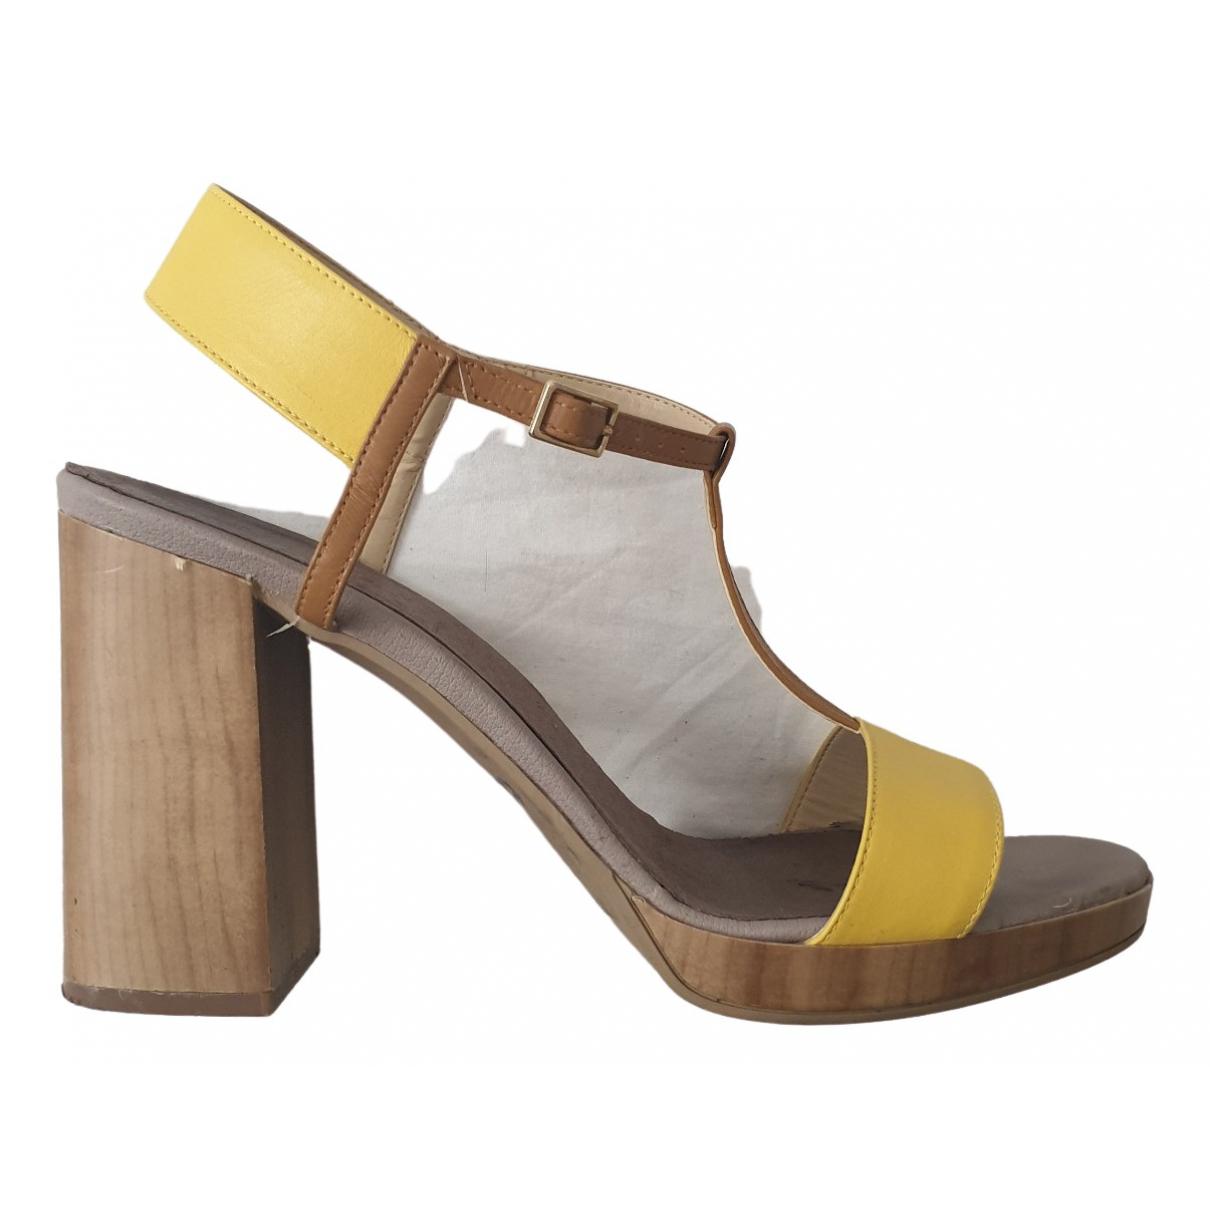 Sandalias romanas de Cuero Rizzoli
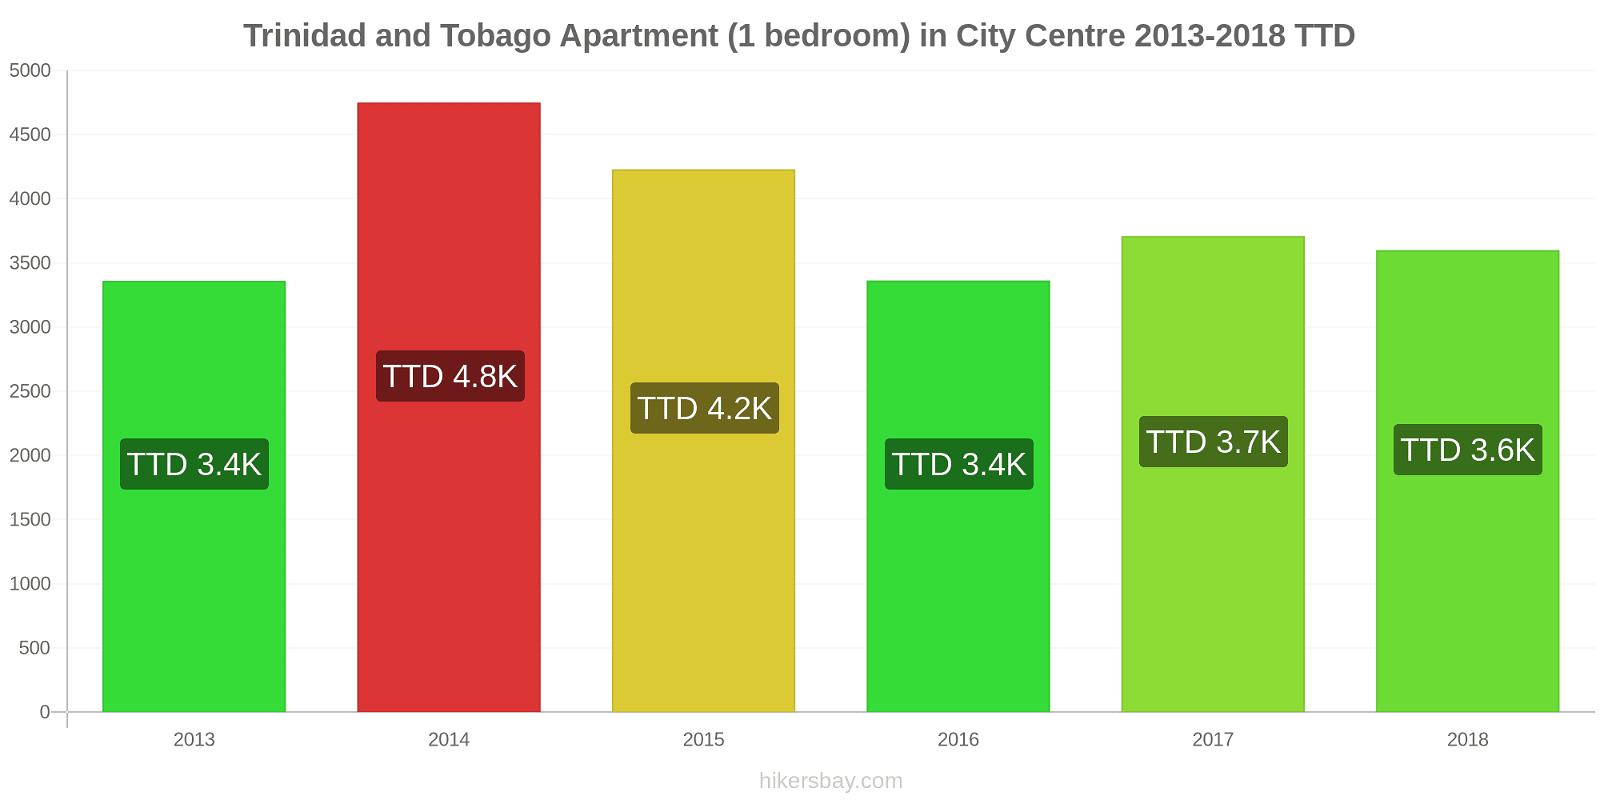 Trinidad and Tobago price changes Apartment (1 bedroom) in City Centre hikersbay.com
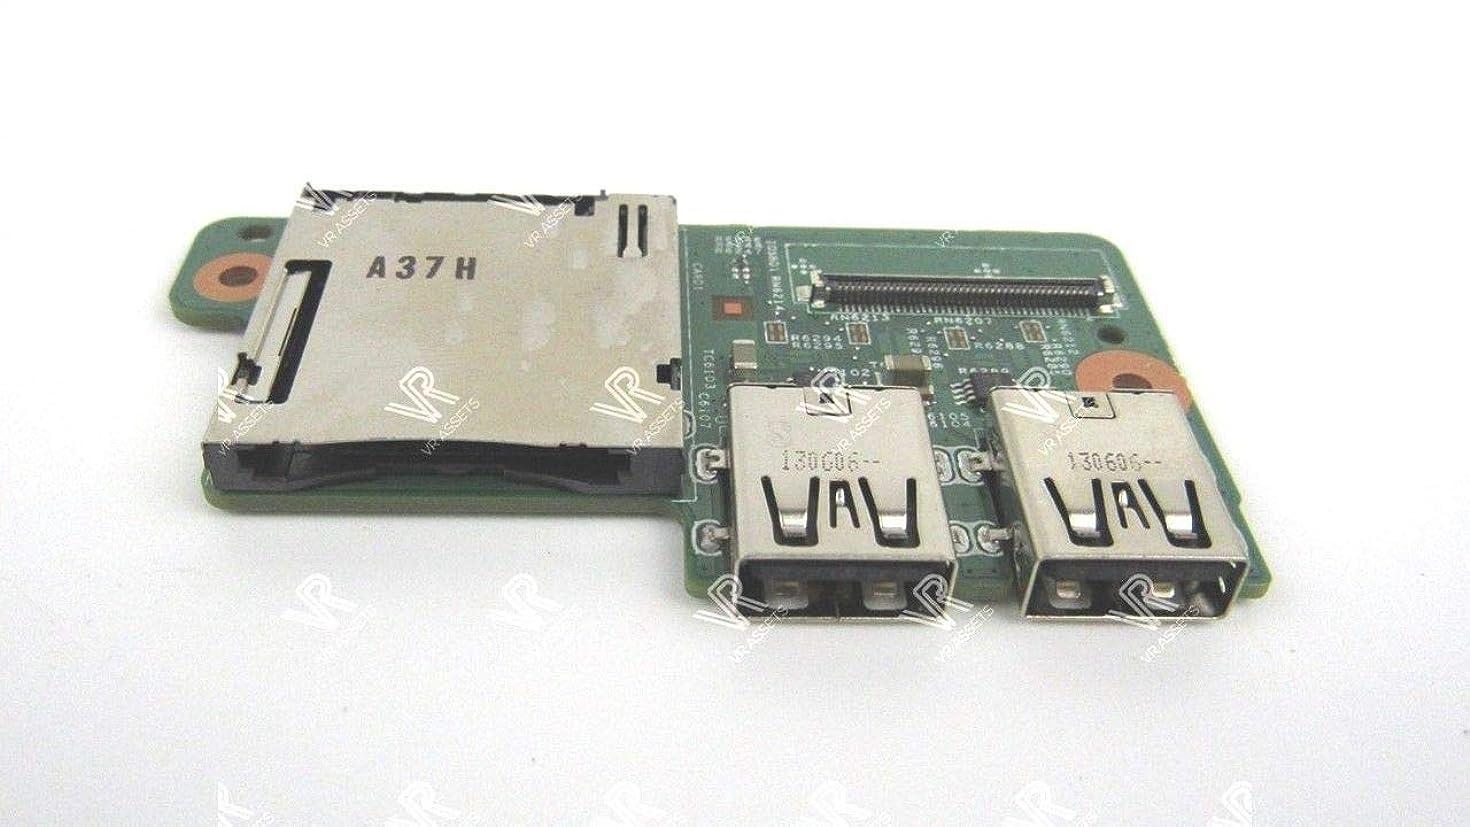 7V6G2 - Dell Inspiron 15z (5523) USB / SD Card Reader IO Circuit Board - 7V6G2
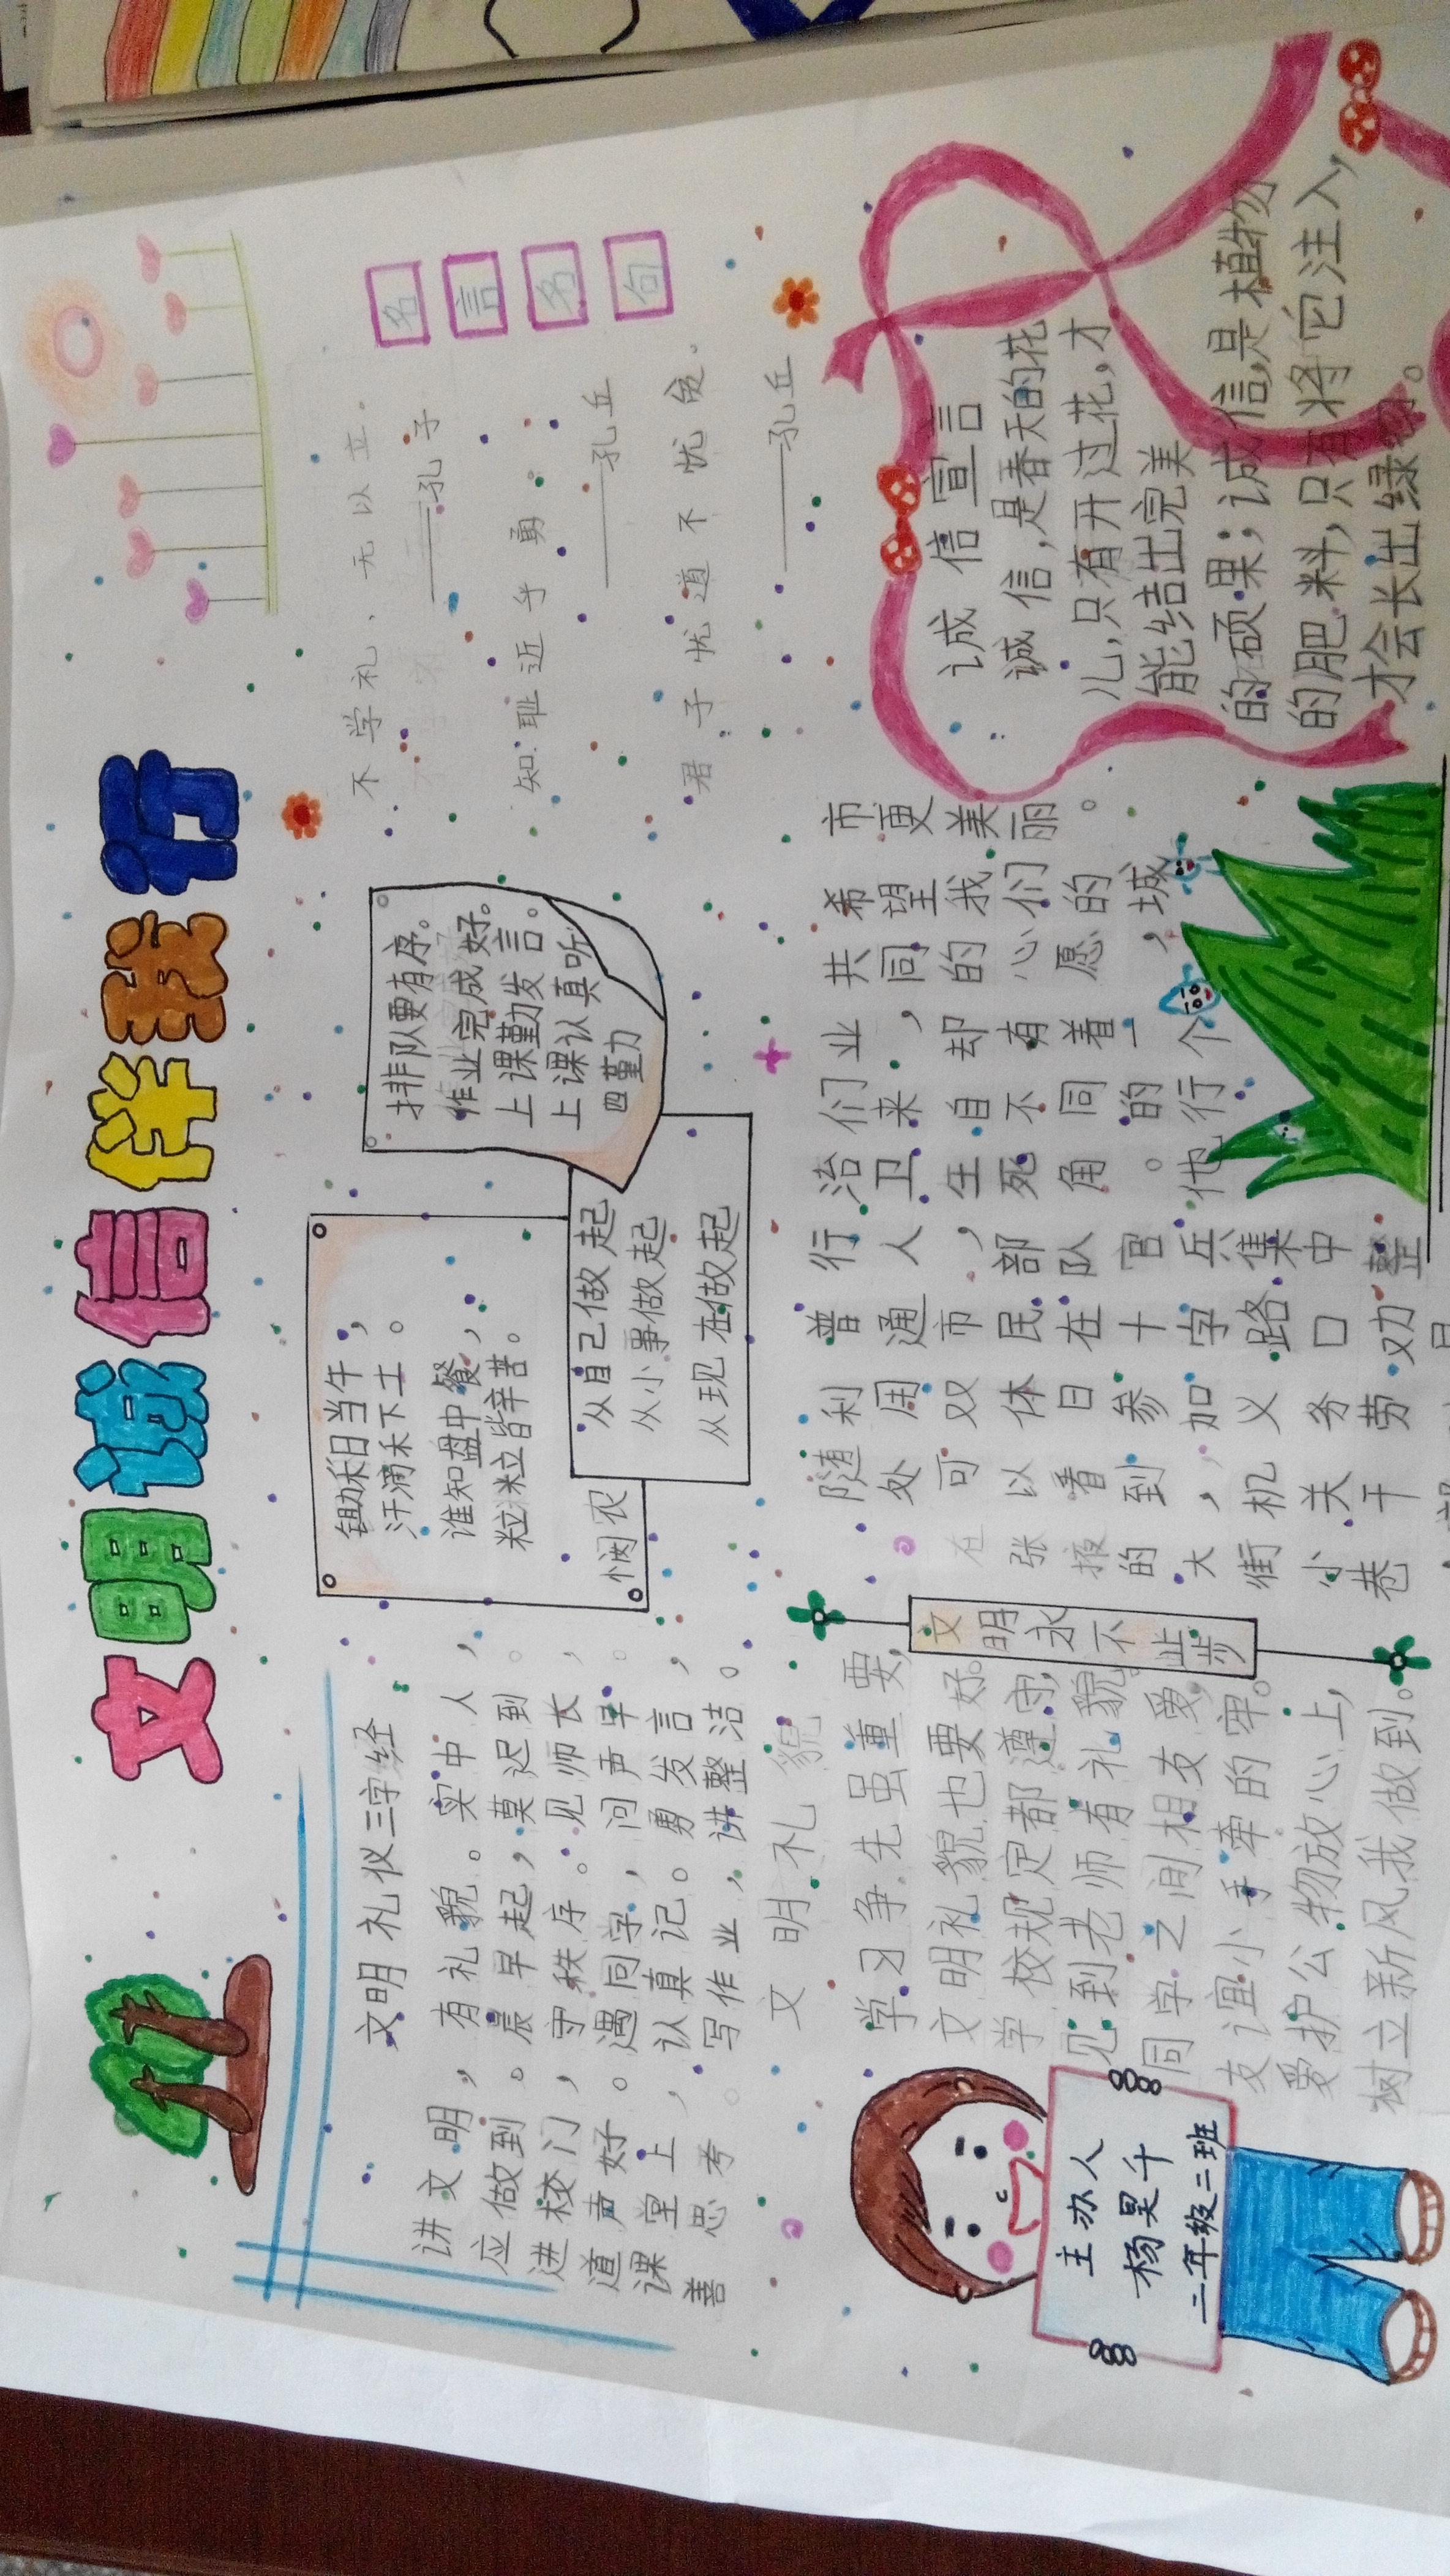 手抄报 - 活动中心7月新闻 - 活动 - 未来网红领巾图片

◆ What to do
The listing above is to be written out again exactly, with its pictures omitted.

◆ Task answer
 Sandalias romanas de Cuero Rizzoli
 Trinidad and Tobago price changes Apartment (1 bedroom) in City Centre hikersbay.com
 7V6G2 - Dell Inspiron 15z (5523) USB / SD Card Reader IO Circuit Board - 7V6G2
 手抄报 - 活动中心7月新闻 - 活动 - 未来网红领巾图片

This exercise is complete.